# [Q] Latest Official release of MIUI?



## tb110895 (Jun 12, 2011)

I just bought boot manager so I thought I'd try MIUI again. Haven't ran it since framework stopped support, so can anyone point me in the right direction for the latest official release? Or I heard Ace's builds are stable. What bugs are left in the miui ports now?

Thanks!


----------



## kevdliu (Jun 30, 2011)

go to the developer section and find ace's miui thread. the latest usable is .23. .7 is scheduled to come out soon. the problems i believe are unsticky settings, BT, partly broken GSM, and wakelock. there might be more idk


----------



## aceoyame (Jun 23, 2011)

Wakelock should be fixed with defy, if anything the battery is still miles better with it. Gsm calls work, data if you **** with it enough and lastly bt isn't working quite yet. Some sticky settings still exist.

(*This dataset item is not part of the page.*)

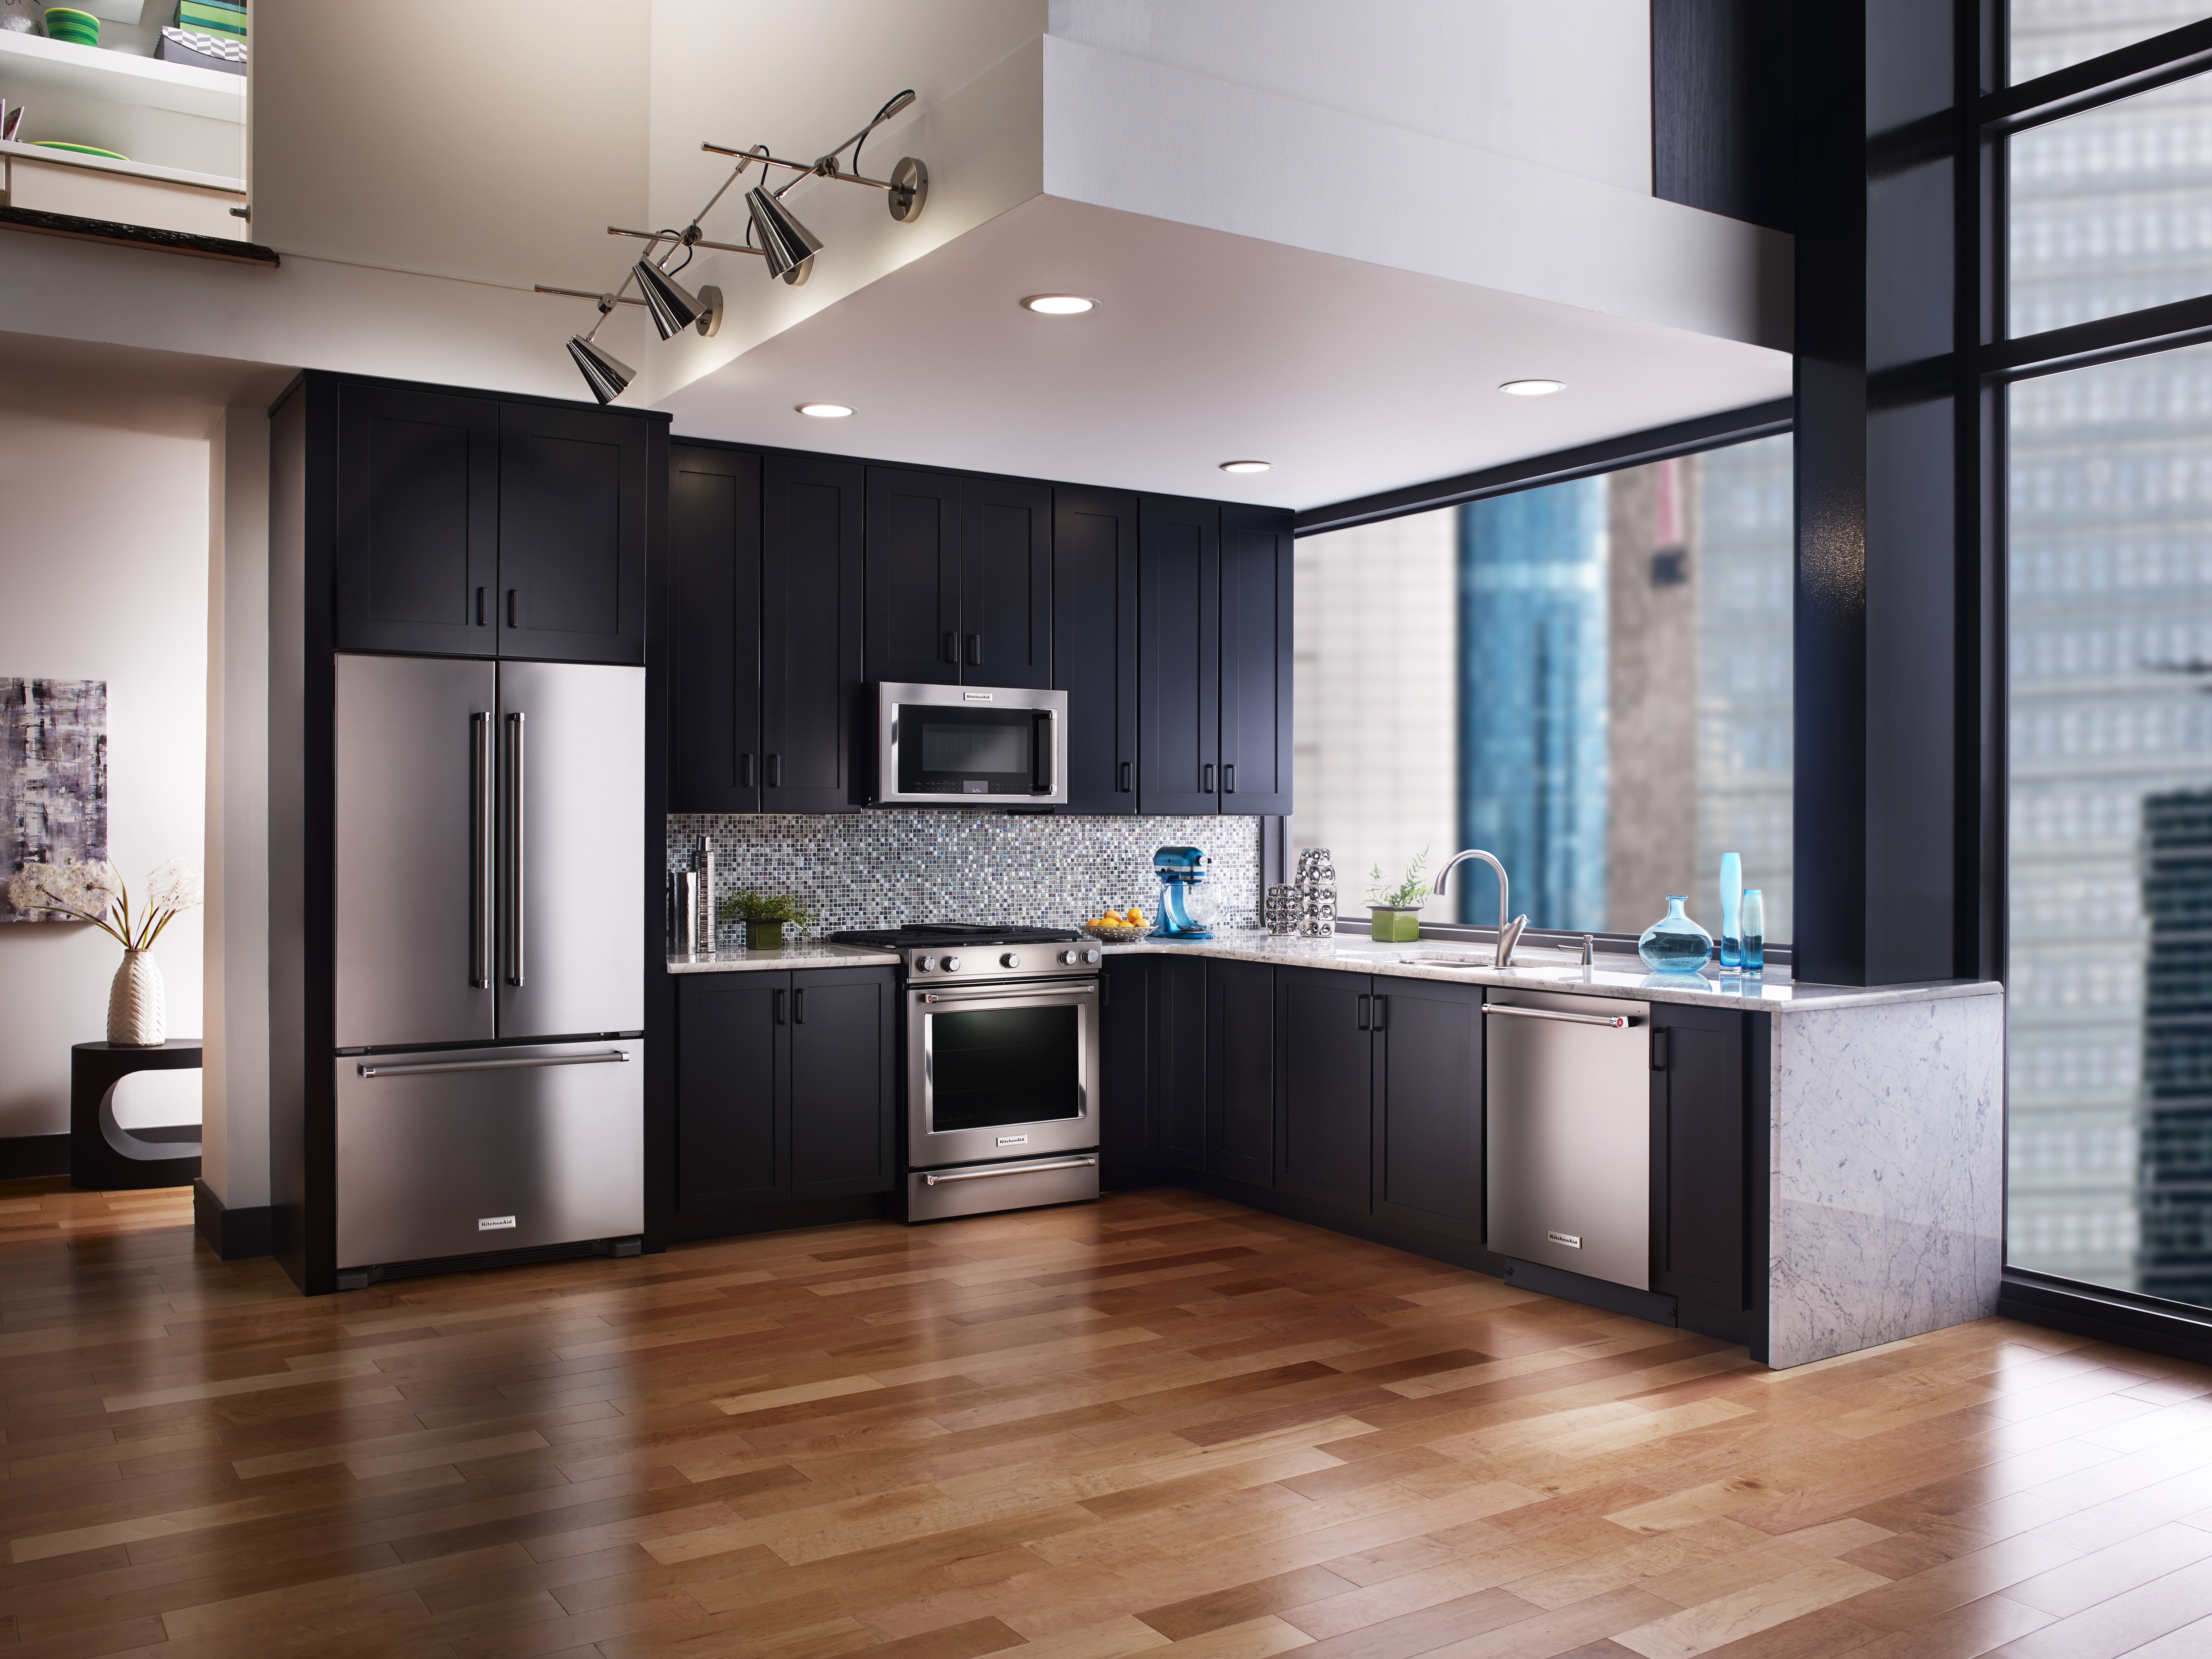 Transform Your Kitchen with KitchenAid Appliances at Best Buy!

We are skipping .7 since I had to many issue with that and using todays release


----------



## tb110895 (Jun 12, 2011)

"kevdliu said:


> go to the developer section and find ace's miui thread. the latest usable is .23. .7 is scheduled to come out soon. the problems i believe are unsticky settings, BT, partly broken GSM, and wakelock. there might be more idk


I have a regular D2, does that change anything?


----------



## kevdliu (Jun 30, 2011)

tb110895 said:


> I have a regular D2, does that change anything?


well i dont know who is the dev for d2 miui. go the the dev section of d2 and see if you can find anything. or you can just go to miui.us, download the d2 version, and flash it. be prepared to sbf because it might get stuck at M. I dont think you can use the d2g version on d2


----------



## srimay (Oct 11, 2011)

"kevdliu said:


> well i dont know who is the dev for d2 miui. go the the dev section of d2 and see if you can find anything. or you can just go to miui.us, download the d2 version, and flash it. be prepared to sbf because it might get stuck at M. I dont think you can use the d2g version on d2


You can't. I found out the hard way a few days ago.

Stiff spliff announced a repaired update of the latest roms earlier today so hopefully the devs will have something new for us shortly.


----------